Probably time for reanalysis, also considering XML 1.1.
What character code breakpoints exist in Unicode?
U+0000 to U+001f , inherited from ASCII.U+007F , inherited from ASCIIU+0080 to U+009F , inherited from Latin-1- various special-purpose ranges, standardized explicitly for Unicode, and are mostly useful, especially in non-markup contexts. They are discussed here in blocks, including reasons why and how to use them, or not to use them in XML, and what to do if you come across them anyway.
How does XML view these control characters?
This is a different classification.
- Tab and new line (regardless of the platform’s dependence on the new line). Everyone uses them. Everyone knows what they should stand for. It is allowed in almost all known forms, often even for fairly printed printing of the markup itself.
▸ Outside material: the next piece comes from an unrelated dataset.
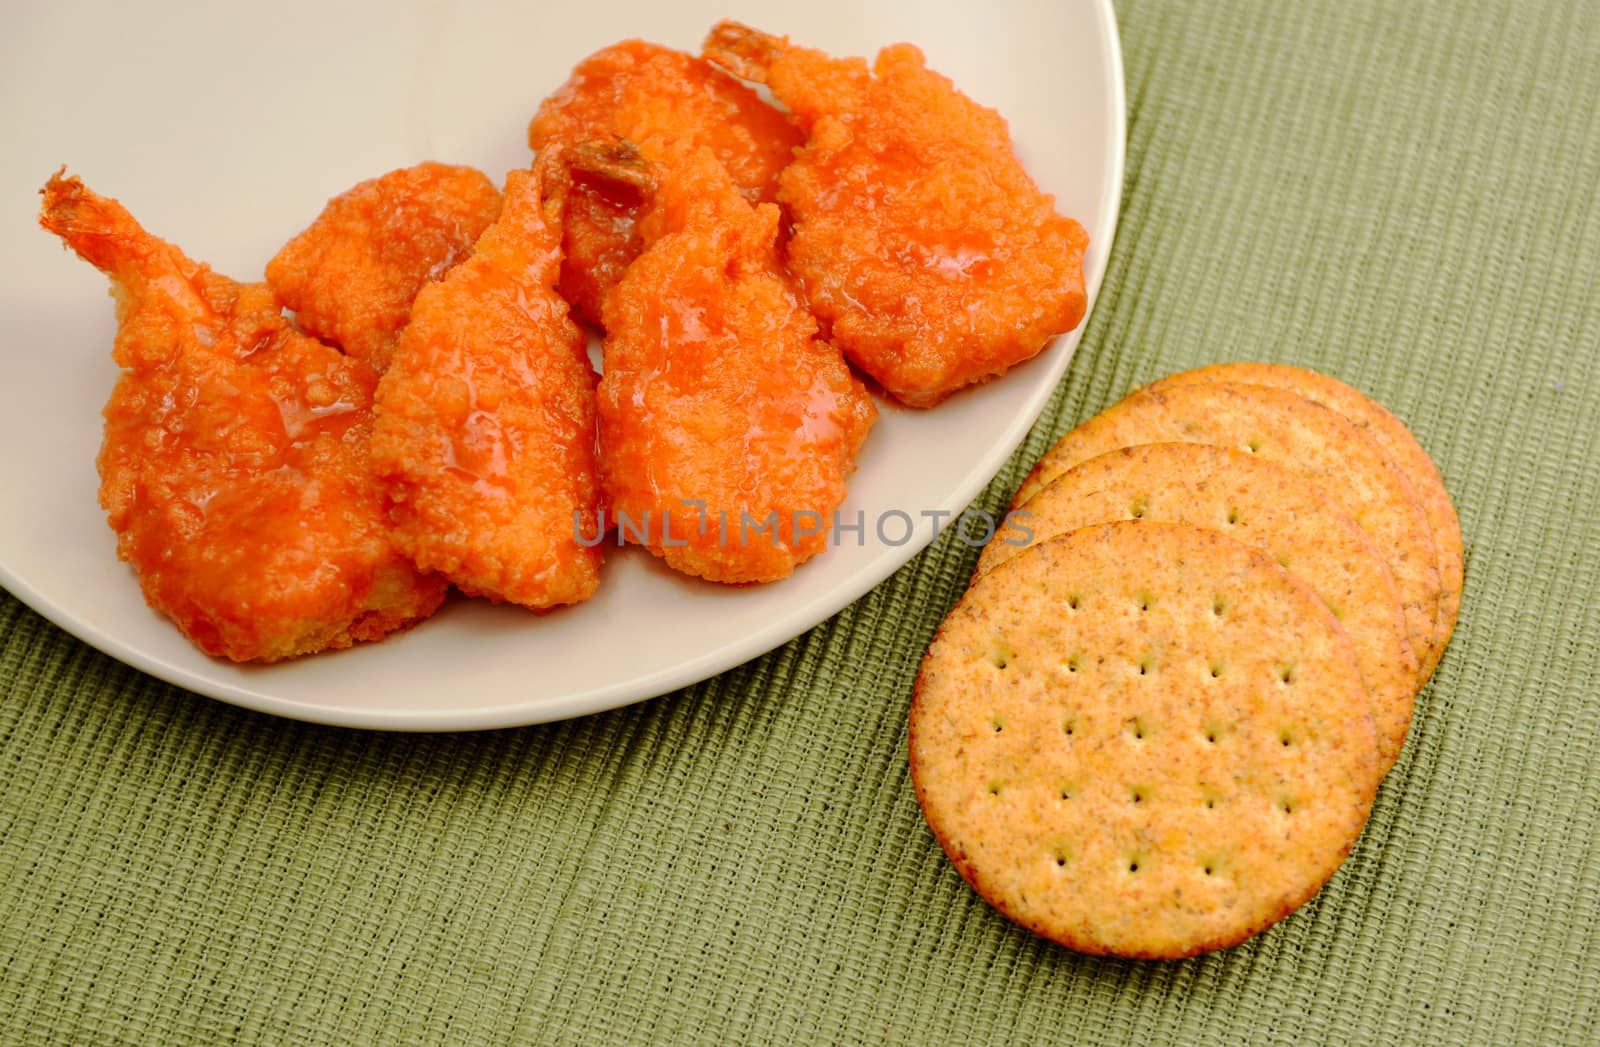 spicy fried shrimp and crackers by ftlaudgirl
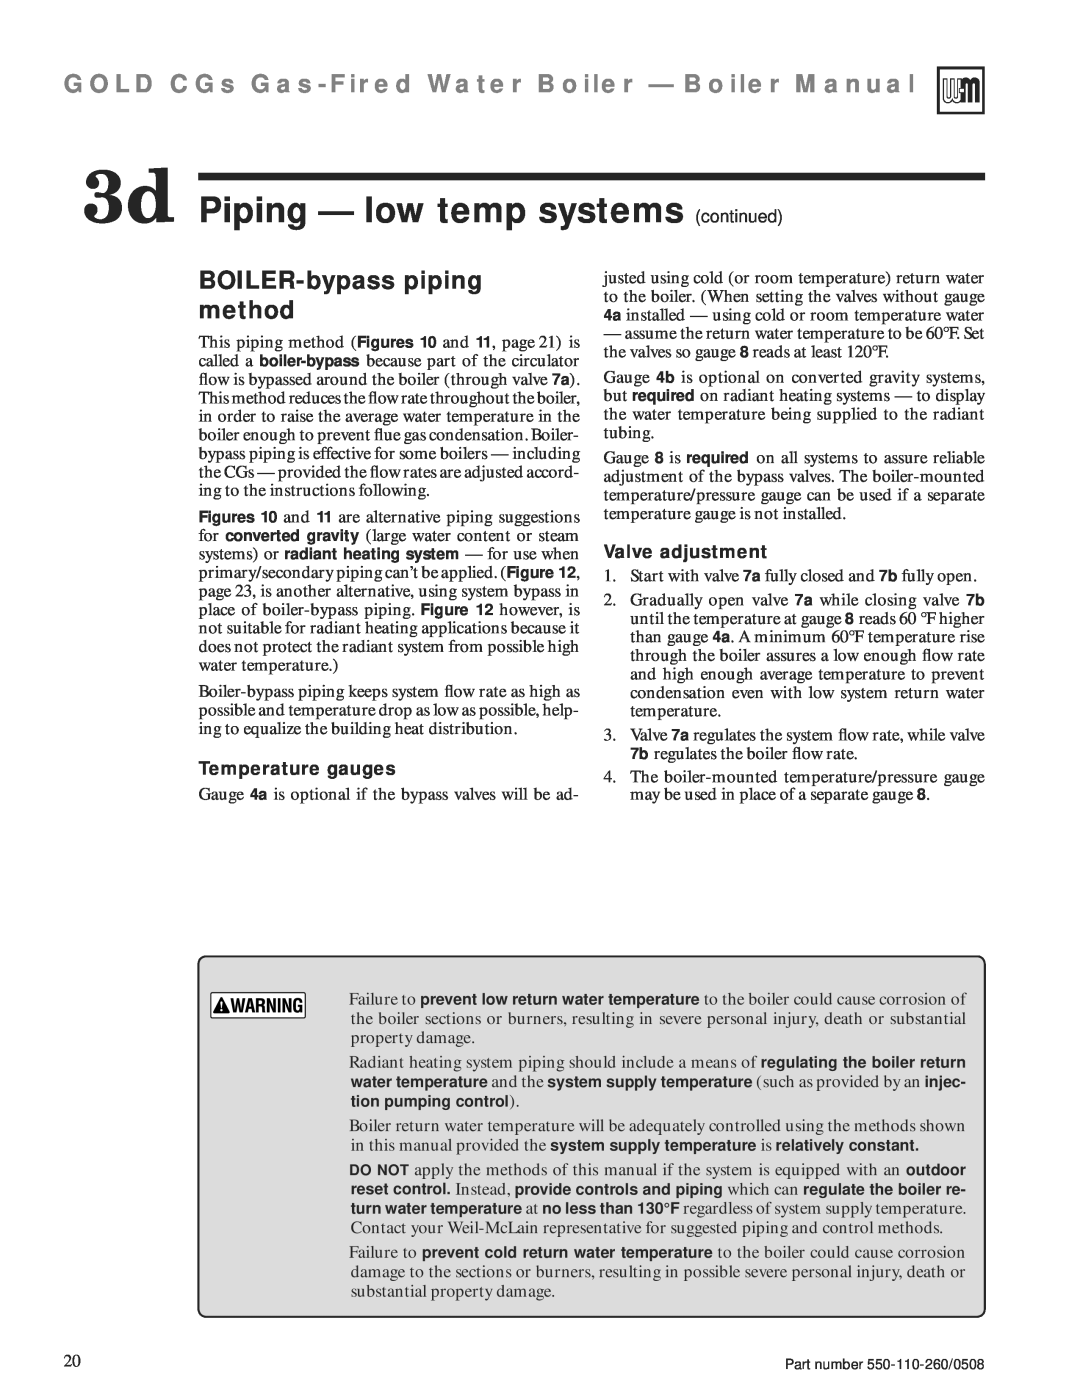 Weil-McLain 550-110-260/0508 manual BOILER-bypasspiping method, 3d Piping — low temp systems continued, Temperature gauges

U+0000 is evil. Zero character? String terminator? Binary noise? The opposite of both interoperability and markup. It is forbidden in all forms.- Anything else? Underutilized, problematic interoperability, but there are ways to tolerate them without even knowing that they should be “controlled”.
Now we turn our attention only to this last category, actually to control codes. That is, the following summary does NOT apply to tabs and newlines: U+0009 , U+000a , U+000D , U+0085 , U+2028 .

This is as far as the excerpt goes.